Pourquoi les enfants du millénaire rejetteront Donald Trump, Jeffrey D. Sachs,
Professor of Sustainable Development and… Project Syndicate
Jeffrey D. Sachs, Professor of Sustainable Development and Professor of Health Policy and
Management at Columbia University, is Director of the UN Sustainable Development Solutions
Network. His books include The End of Poverty, Common Wealth, and, most recently, The Age of
Sustainable Development. FEB 2, 2017. Traduit de l’anglais par Martin Morel
NEW YORK – Aux États-Unis, le principal clivage politique n’oppose pas les partis ou les États ; il
oppose les générations. Les jeunes du nouveau millénaire (à savoir les 18-35 ans) ont voté
massivement contre Donald Trump, et constitueront l’essentiel de la résistance opposée aux
politiques du nouveau président. Bien que les Américains plus âgés se montrent plus divisés,
l’assise électorale de Trump se situe chez les plus de 45 ans. Au fur et à mesure des problématiques
soulevées, les jeunes électeurs rejetteront Trump, et le considéreront comme un acteur politique du
passé plutôt que de l’avenir.
Bien entendu, les chiffres ici évoqués ne sont que des moyennes, et pas des valeurs absolues. Ils
confirment néanmoins l’existence d’un fossé générationnel. D’après les sondages réalisés à la sortie
des bureaux de vote, Trump a obtenu 53 % des votes chez les 45 ans et plus, 42 % chez les 30-44
ans, et seulement 37 % chez les 18-29 ans. Dans un sondage de 2014, 31 % des jeunes du millénaire
s’identifiait comme libéraux, contre 21 % chez les baby boomers (âgés de 50 à 68 ans lors de cette
étude), et seulement 18 % parmi la génération silencieuse (les 69 ans et plus).
Et il ne faut pas s’attendre à ce que les jeunes libéraux d’aujourd’hui deviennent tout simplement
les vieux conservateurs de demain. La génération du millénaire est de manière générale beaucoup
plus libérale que ne l’étaient les baby boomers et la génération silencieuse dans leur jeunesse. Elle
se montre également nettement moins partisane, et entend soutenir ceux des acteurs politiques qui
défendent ses valeurs et répondent à ses besoins, y compris les aspirants moins solidement établis.
Au moins trois différences majeures opposent les jeunes et les plus anciens dans le domaine de la
politique. Premièrement, les jeunes se montre socialement plus libéraux que les générations
antérieures. Aux yeux de cette jeunesse, la pluralité ethnique, religieuse et sexuelle croissante qui
caractérise l’Amérique ne constitue pas un problème. Loin d’y voir un changement dramatique par
rapport au passé, ces jeunes ont toujours connu une société multiculturelle faite de blancs, d’Afro-
américains, de Latinos, d’Asiatiques, d’immigrants et de nouveaux arrivants nés dans le pays. Ils
acceptent une diversité des orientations sexuelles et des genres – gays, lesbiennes, transsexuels,
bisexuels, intersexués, pansexués, et autres – qui était essentiellement taboue, ou inconnue, pour la
génération de leurs grands-parents (à laquelle appartient Trump).

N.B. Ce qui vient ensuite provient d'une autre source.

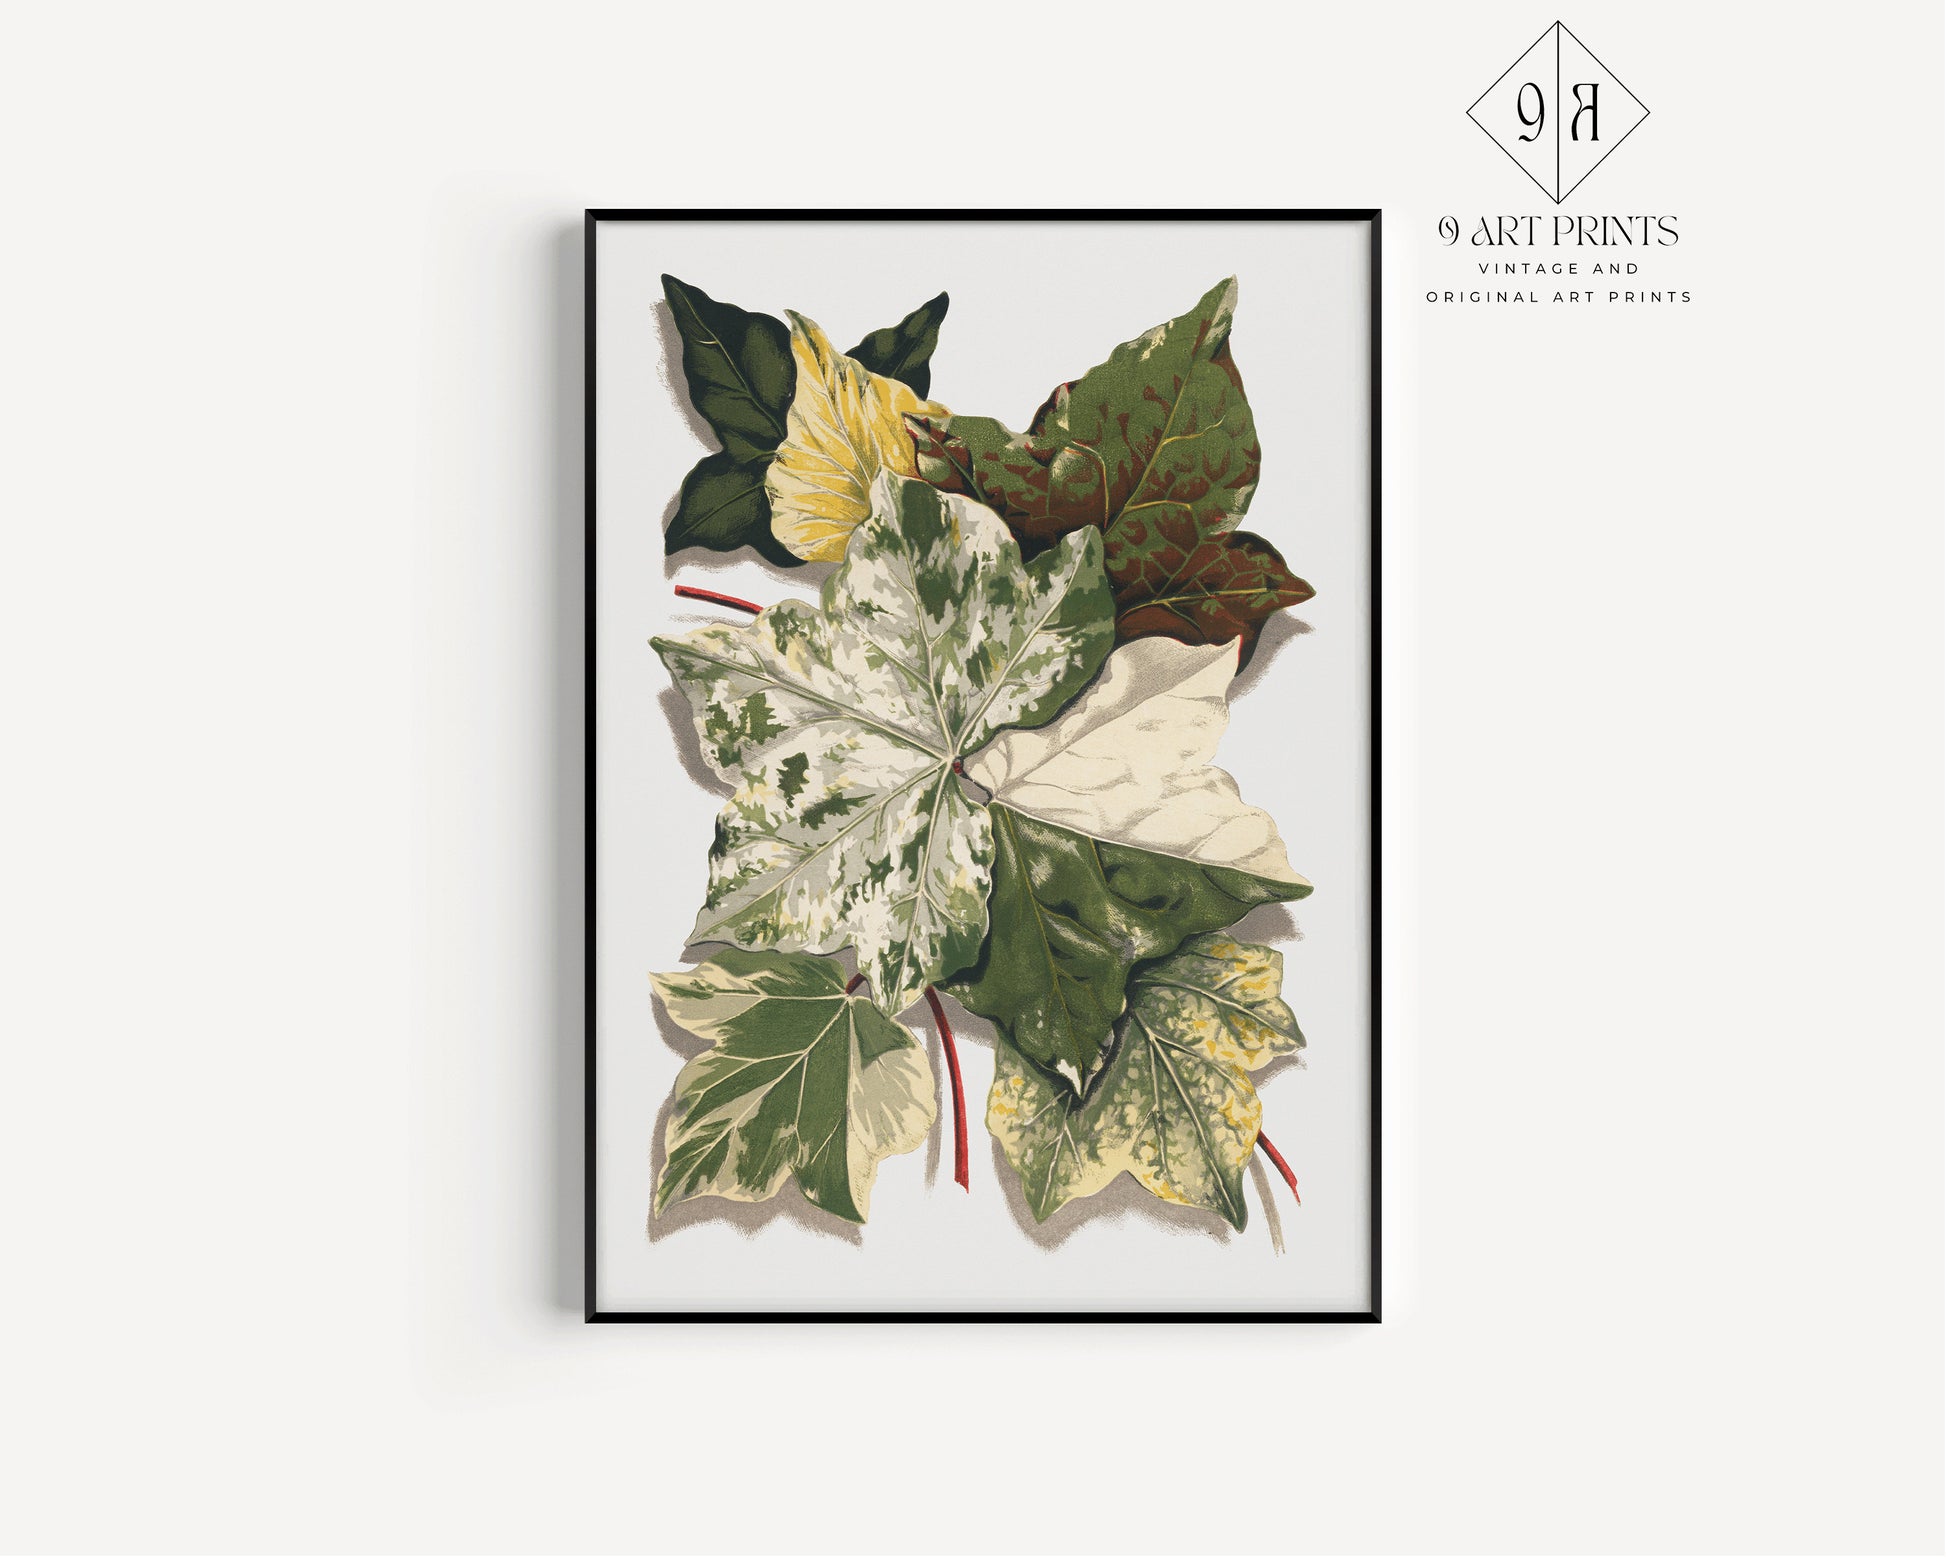 Set of 2 Leaf Prints Ivy Vintage Floral Art Ready to Hang Framed art for above bed sofa housewarming home office decor idea green white
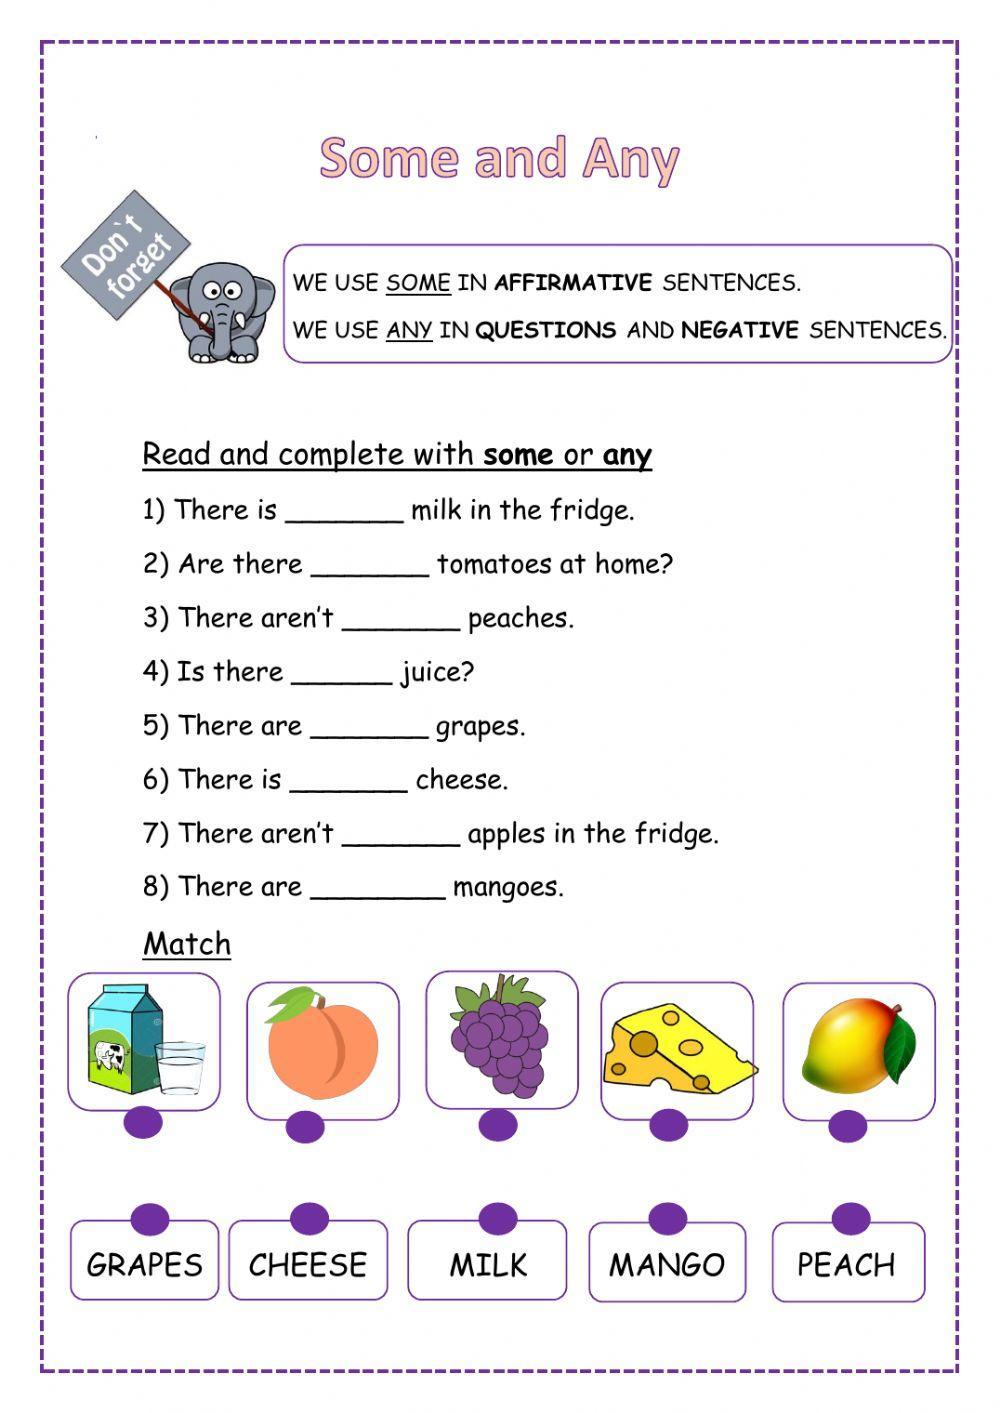 Some and Any interactive worksheet for grade 4

Deuxièmement, les jeunes sont aujourd’hui confrontés à des défis économiques sans précédent, liés
à la révolution de l’information. Ils entrent actuellement sur le marché du travail alors même que
les rendements des marchés s’orientent rapidement vers le capital (robots, intelligence artificielle,
et machines intelligentes de manière générale) et s’éloignent du travail. Par opposition, les riches
seniors profitent d’un essor des marchés boursiers, engendré par cette même révolution
technologique.
Trump défend une réduction de l’impôt sur les sociétés et sur les successions, vouée à ne bénéficier
qu’à ces riches seniors (qui composent l’essentiel du son cabinet), au prix d’importants déficits
budgétaires voués à peser sur la jeunesse. Or, les jeunes ont besoin d’une politique précisément
inverse : hausse des impôts sur la richesse de la génération plus âgée, afin que puissent être
financés l’enseignement supérieur, le formation professionnelle, les infrastructures relatives aux
énergies renouvelables, et autres investissements nécessaires à l’avenir de l’Amérique.
Troisièmement, en comparaison avec leurs parents et grands-parents, les jeunes d’aujourd’hui sont
beaucoup plus soucieux du changement climatique et des menaces qu’il fait naître. Là où Trump
persuade la génération antérieure de s’en tenir encore un moment aux combustibles fossiles, les
jeunes ne suivront pas cette voie. Ils aspirent à une énergie propre, et entendent lutter contre la
destruction d’une planète dont eux-mêmes et leurs propres enfants hériteront.